Total special cash margin of 25% on the long side has been imposed on all contracts of mentha oil from March 9, 2012. For detailed reference please refer to the Circular No: MCX/T&S/074/2012 dt 06/03/2012.

Production, Arrivals And Exports

According to market sources, sowing of mentha in Western UP is expected to increase by 30% as compared to last year, while sowing in all regions is expected to increase by 20%.

Arrivals in entire UP stand around 130 drums (1drum – 180 kgs) daily. Exports of mentha during April 2011 to January 2012 witnessed a decline of 6% to 12,850 tonnes as compared to 13,550 tonnes in the same period last year.

NCDEX Chili Gains On Fresh Buying, Jeera Bounces Back

NCDEX Chili settled up by more than 2 percent mainly on account of fresh buying at lower price level and weak arrivals in the spot market. While NCDEX pepper settled steady due to steady arrivals in the Vietnam in the spot market. The 4% additional margin imposed in the pepper May contract on the Long side has been withdrawn with immediate effect.

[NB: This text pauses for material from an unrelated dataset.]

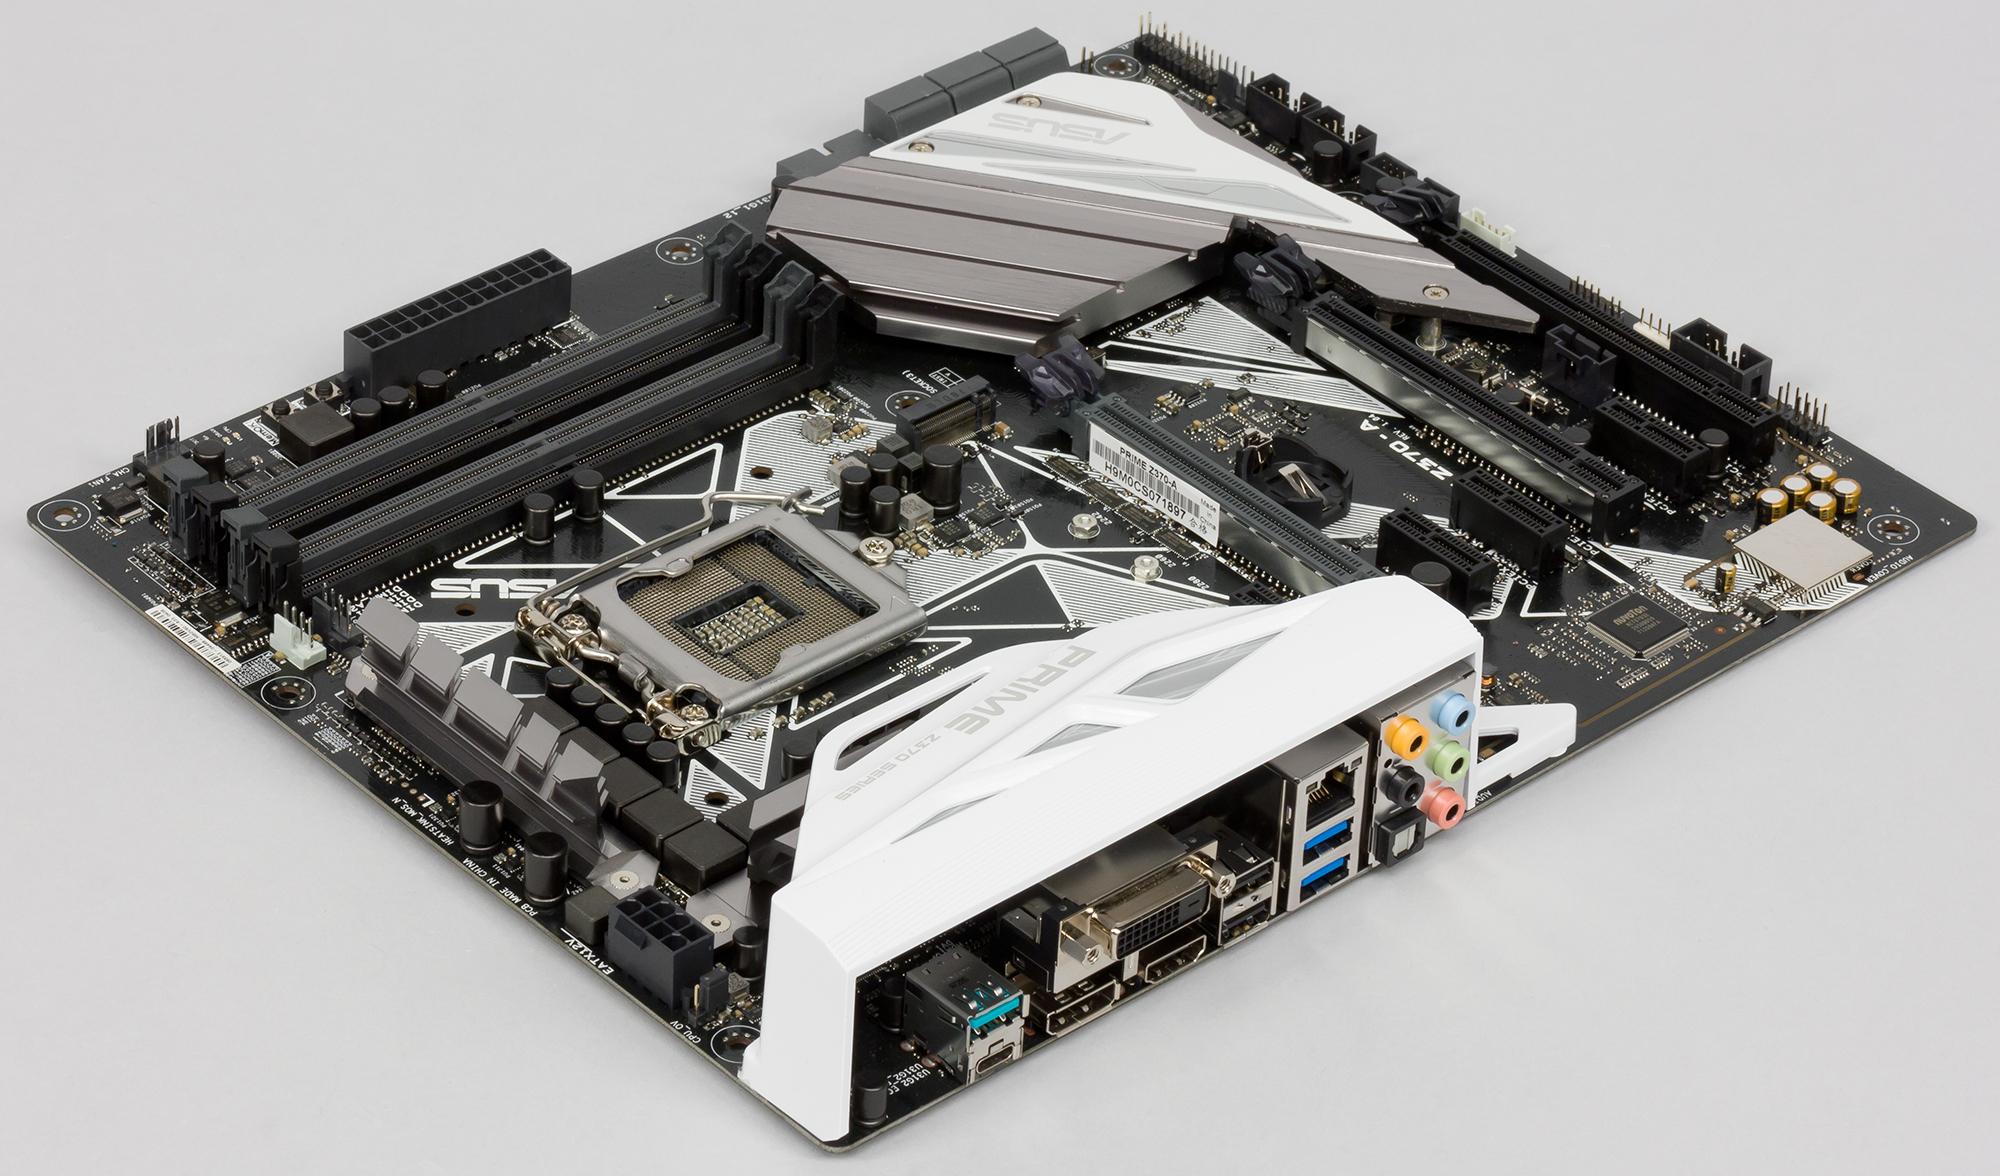 Intel снимет с производства материнские платы для процессоров 2018 модельного года

NCDEX jeera futures bounced back from the previous losses on short covering and fresh buying lead by weak arrivals in the spot market. NCDEX turmeric settled up due to weak supply and fresh buying at lower price level in the market. 

NCDEX Chana Rises On Poor Pulses Production Estimates

NCDEX chana May contract settled up by more than 1.50 percent because government estimated poor pulses  production in the current year which is expected to go up to Rs.4000 in next couple of days after April month i.e. Arrivals period so viewed will be “buying on dips.”

As per latest release from government, India's total pulses production in the current year is estimated at 17.02 million tonnes, down almost 6.86% from the last year. This is mainly due to poor sowing in kharif sowing and crop damage in Rabi season.